For user-facing chat, time to first token may matter more than total generation time. For offline extraction, throughput and cost may matter more than streaming latency.

Capacity Planning Needs Real Traffic#

Synthetic benchmarks are useful, but real traffic has ugly distributions.

Users do not send uniform prompts. Some requests are tiny. Some paste entire documents. Some ask for one label. Others ask for a long report. The average request is rarely the request that breaks capacity.

Plan from distributions:

  • p50, p95, and p99 prompt length
  • p50, p95, and p99 output length
  • concurrent active requests
  • burst size
  • cacheable prefix percentage
  • retry rate

The p95 case often determines whether the experience feels reliable. The p99 case often determines whether you need guardrails.

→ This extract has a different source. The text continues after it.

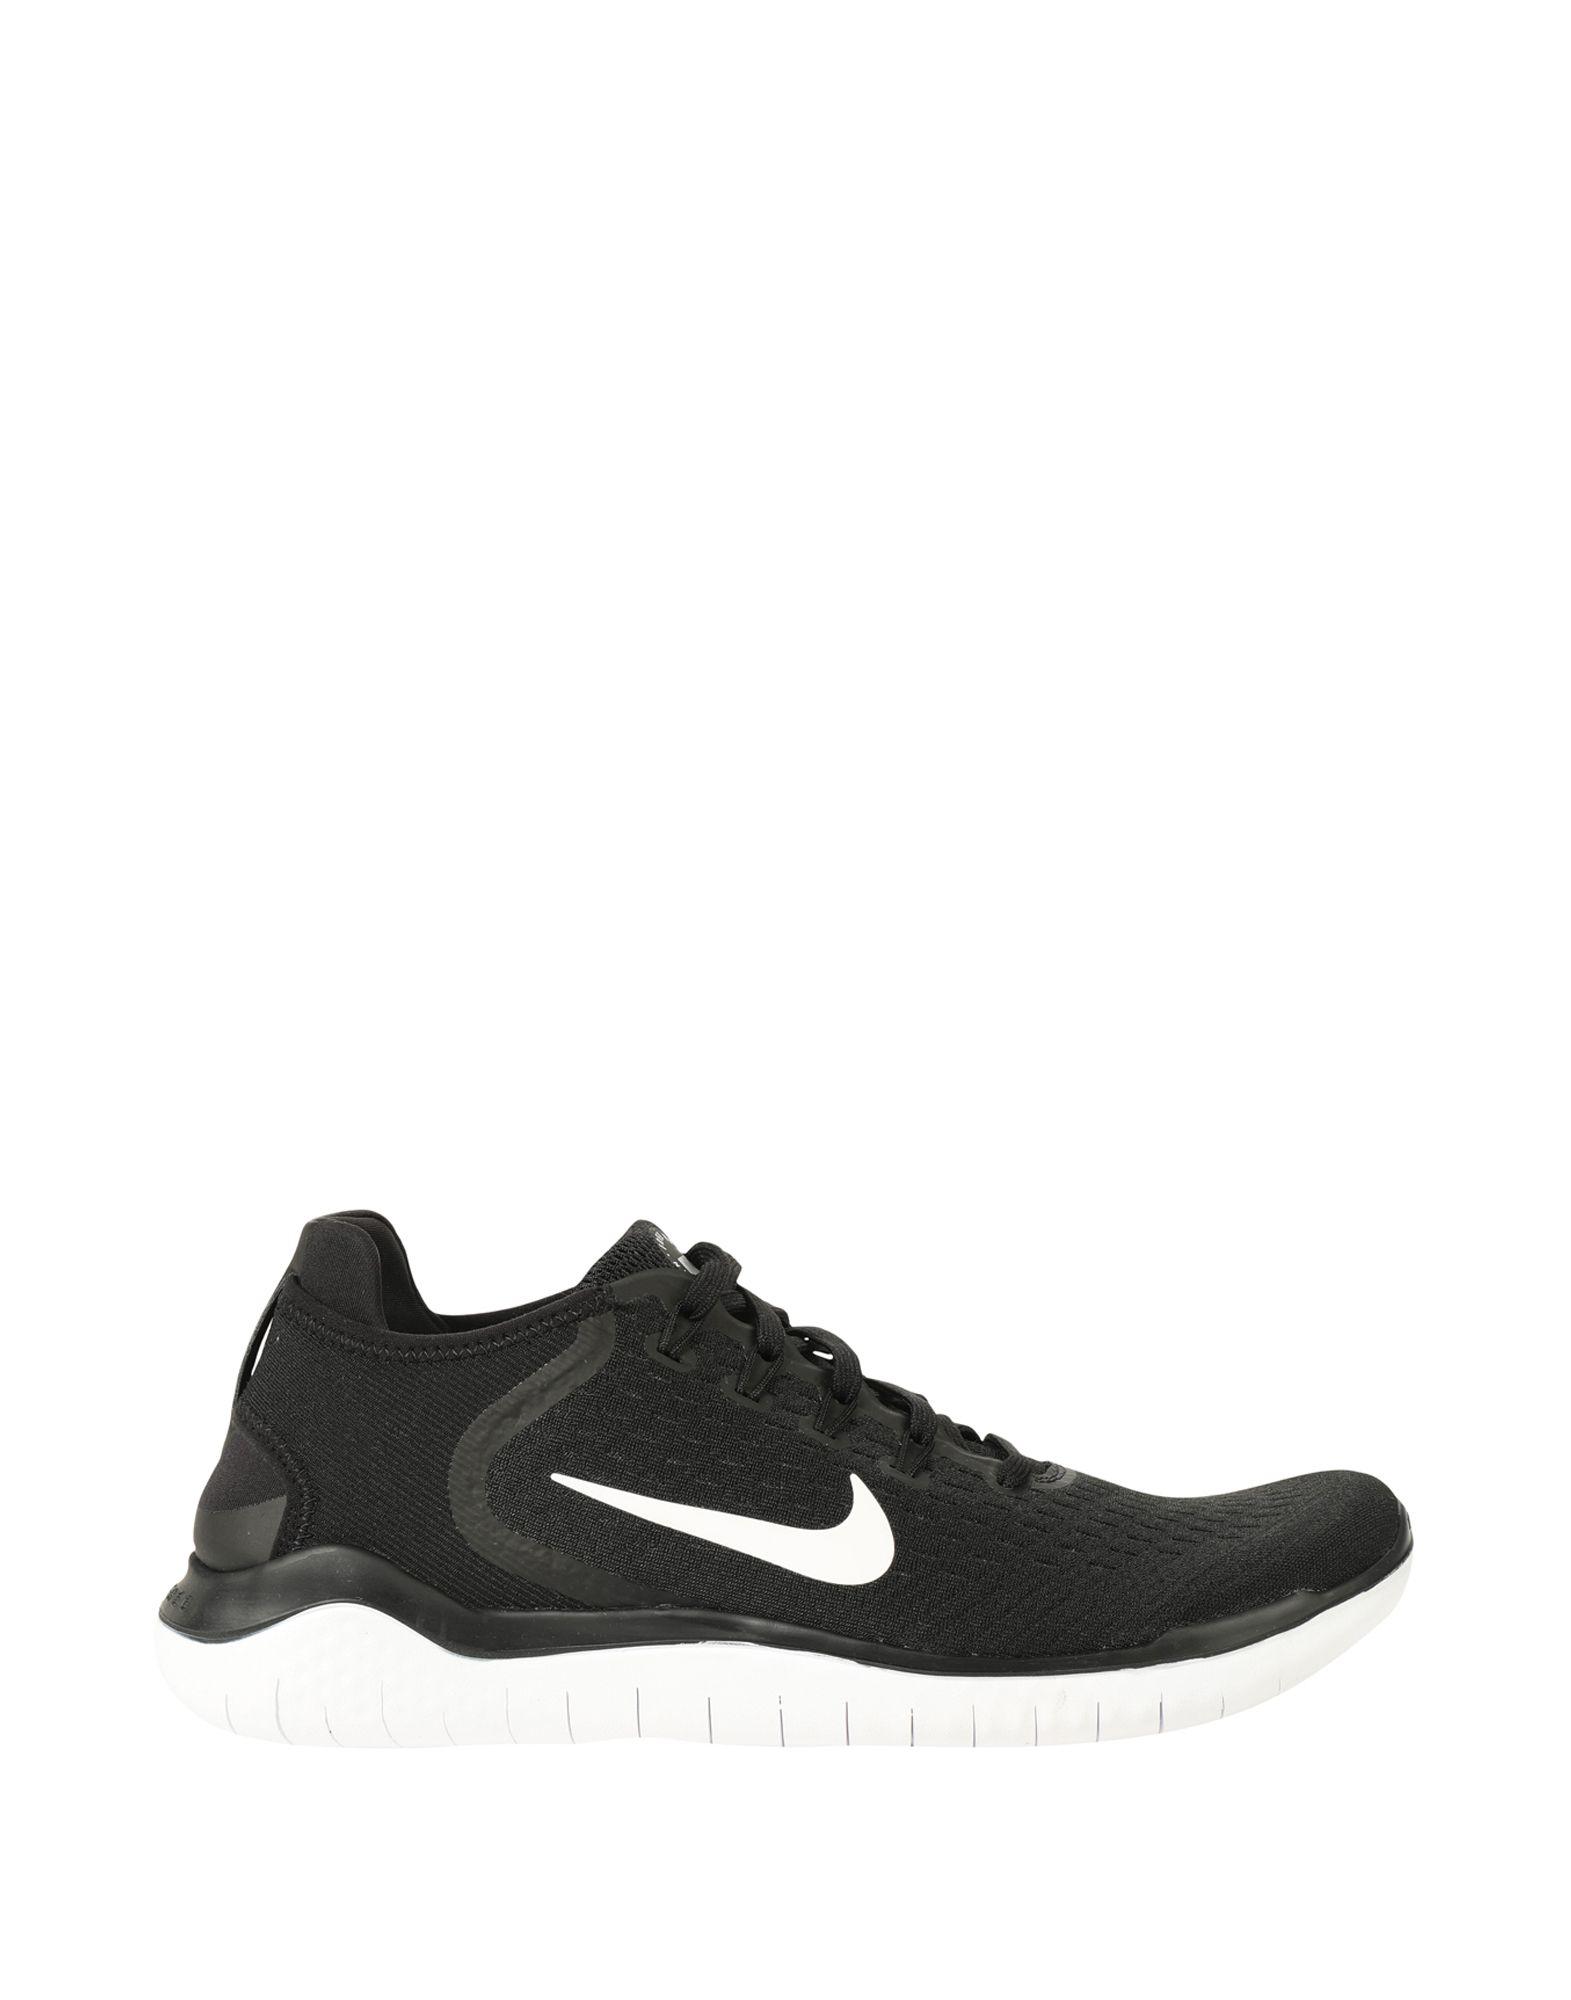 Sneakers Nike  Free Rn 2018 - Uomo - 11540779WT

This is why logging token counts is not optional. Token distributions are infrastructure requirements hiding inside product behavior.

A Practical Serving Playbook#

A reasonable optimization path:

  1. Measure prompt and output token distributions
  2. Shorten prompts and outputs where product allows
  3. Add structured outputs to reduce retries
  4. Use prompt caching for stable prefixes
  5. Batch requests based on workload
  6. Evaluate quantized models
  7. Add routing for easy versus hard tasks
  8. Consider speculative decoding when traffic justifies complexity

Start with measurement. Without traces, it is easy to optimize the wrong thing.

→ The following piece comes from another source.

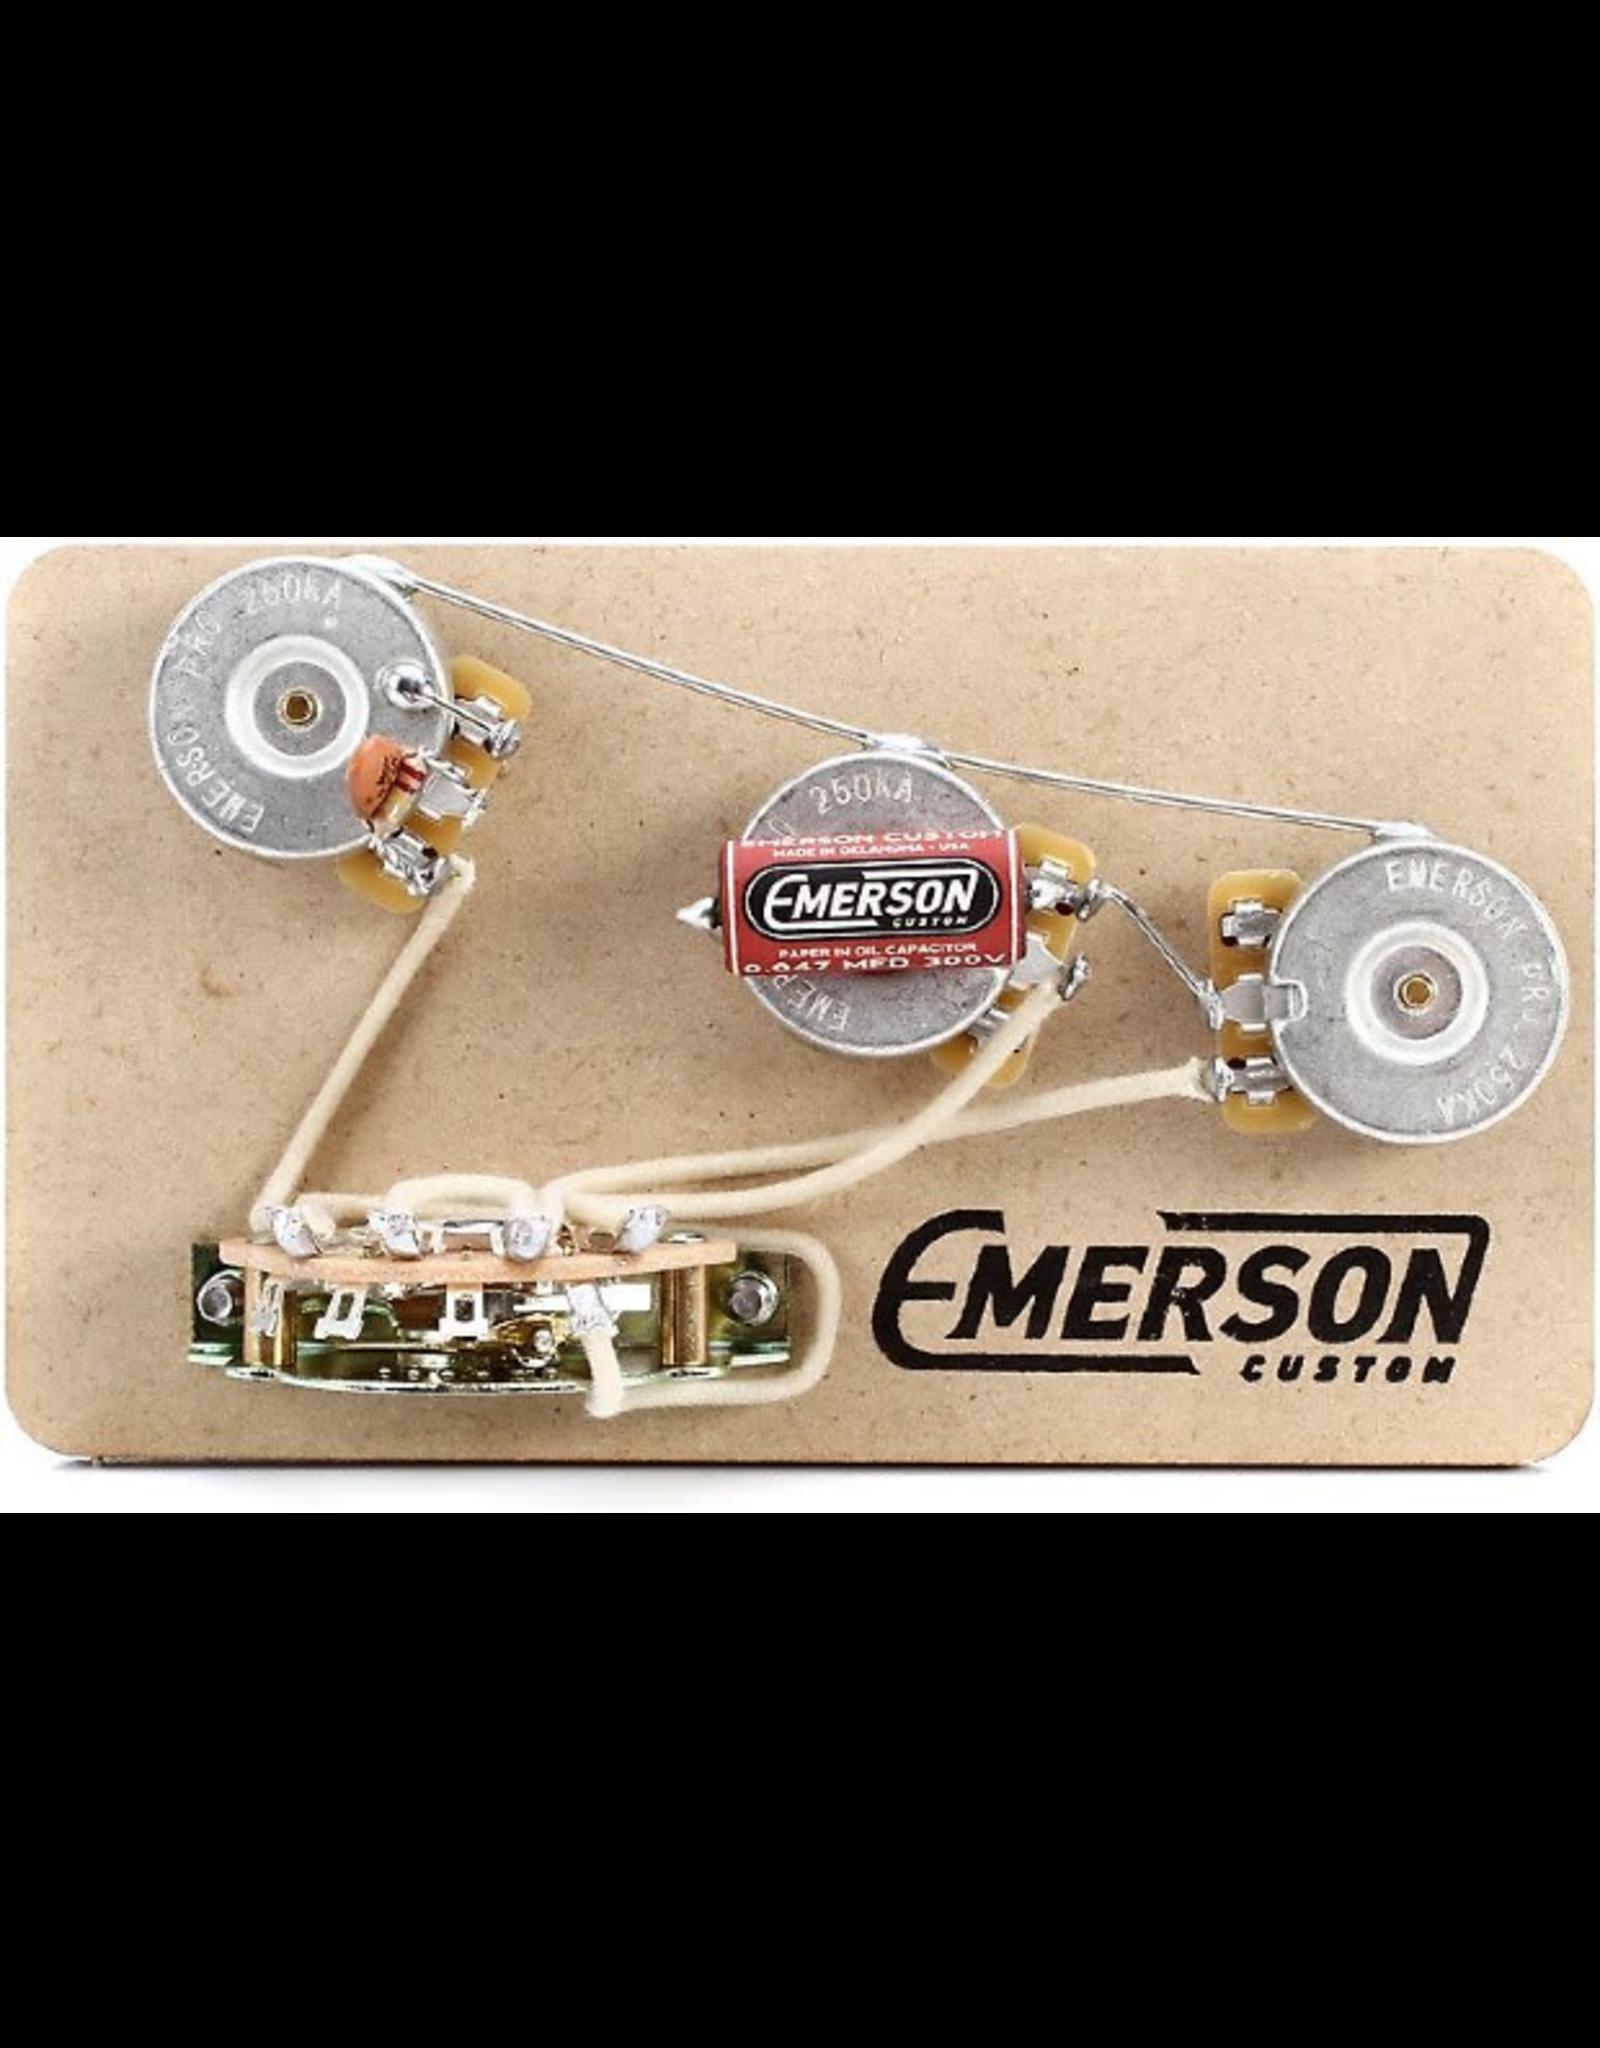 Emerson Emerson Custom 5-Way Strat Prewired Kit S5

The first dashboard should be simple:

  • p50 and p95 latency
  • time to first token
  • input and output tokens
  • validation failure rate
  • retry rate
  • cache hit rate
  • cost per completed workflow

Once those are visible, optimization becomes less mystical. You can see whether the problem is long prompts, long outputs, queueing, cache misses, or bad model behavior.

The Takeaway#

LLM inference became a systems problem because model quality was only one part of the product.

Latency, throughput, memory, caching, output length, and validation all shape whether an LLM feature is affordable and pleasant to use.

The best teams treat inference as part of application design. They do not just ask “Which model is smartest?” They ask “Which system delivers the right answer at the right cost and latency?”